Al you can tell your a seasoned smoker :biggrin:

"I just always have a bunch of appetizers & a fridge full of beer!"  Thumbs Up


----------



## slipaway (Aug 13, 2017)

TripleQ,

I never have wrapped while it was on the smoke. This time I did just to see if I could help it through (what I think was) a second stall.

Normally once I hit 165 IT in the thickest part I take it off and  let it rest on a cookie rack (over tin foil) in the house. Once it is cool I wrap in plastic wrap and put in fridge overnight. Not necessarily looking for "air tight", but more so that any juices don't drip in the fridge and it cools completely before I  slice. Makes slicing a  lot easier the next day.

Good  luck with yours -


----------



## pit 4 brains (Aug 16, 2017)

Murphy was smoking long before anyone... He was an optimist by saying that what can go wrong will go wrong..

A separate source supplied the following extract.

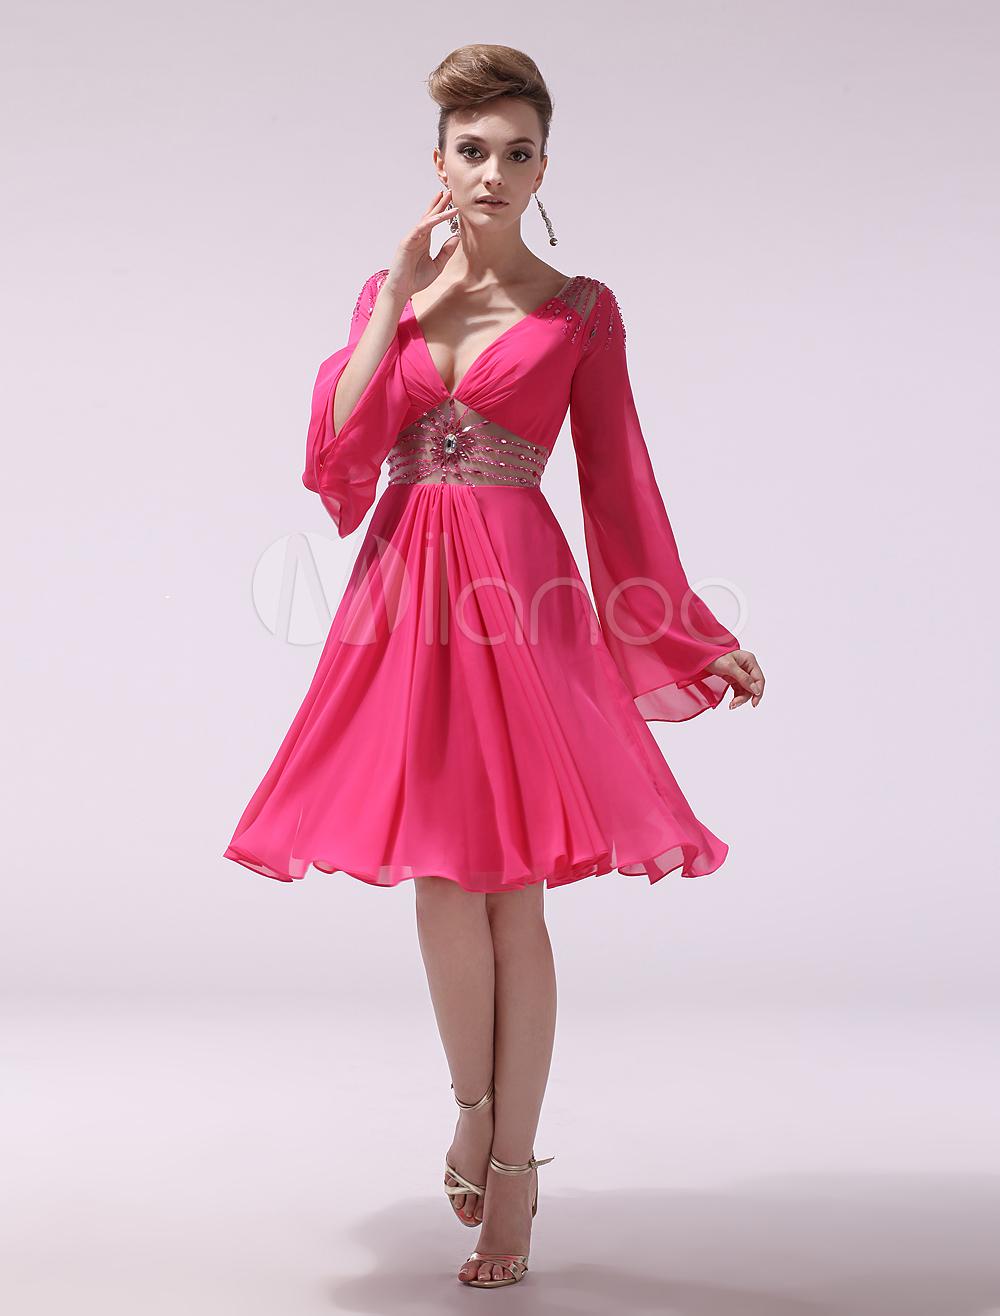 Chiffon Cocktail Dress Hot Pink V Neck Prom Dress Beaded Long Sleeve Pleated Short Party Dress Milanoo (Wedding Cocktail Dresses) photo

Best thing I learned when "entertaining" or even planning the family meal, is get it done ahead of time and pack it away in the ice chest with the towel or just crock pot it to keep it warm. It's darn near impossible to have a so called dinner time then pull meat out of the smoker, let it rest, pull, slice, etc. at the same time. In my experience, everyone will want to help but they won't have a clue what to do so you end up shredding yourself trying to choreograph your own kitchen..


----------



## bbqluvtoo (Aug 17, 2017)

AMEN - TRUTH


----------



## Rings Я Us (Aug 17, 2017)

The cooler and the oven might be a close 2nd & 3rd in importance for your smoking tools [emoji]128521[/emoji]


----------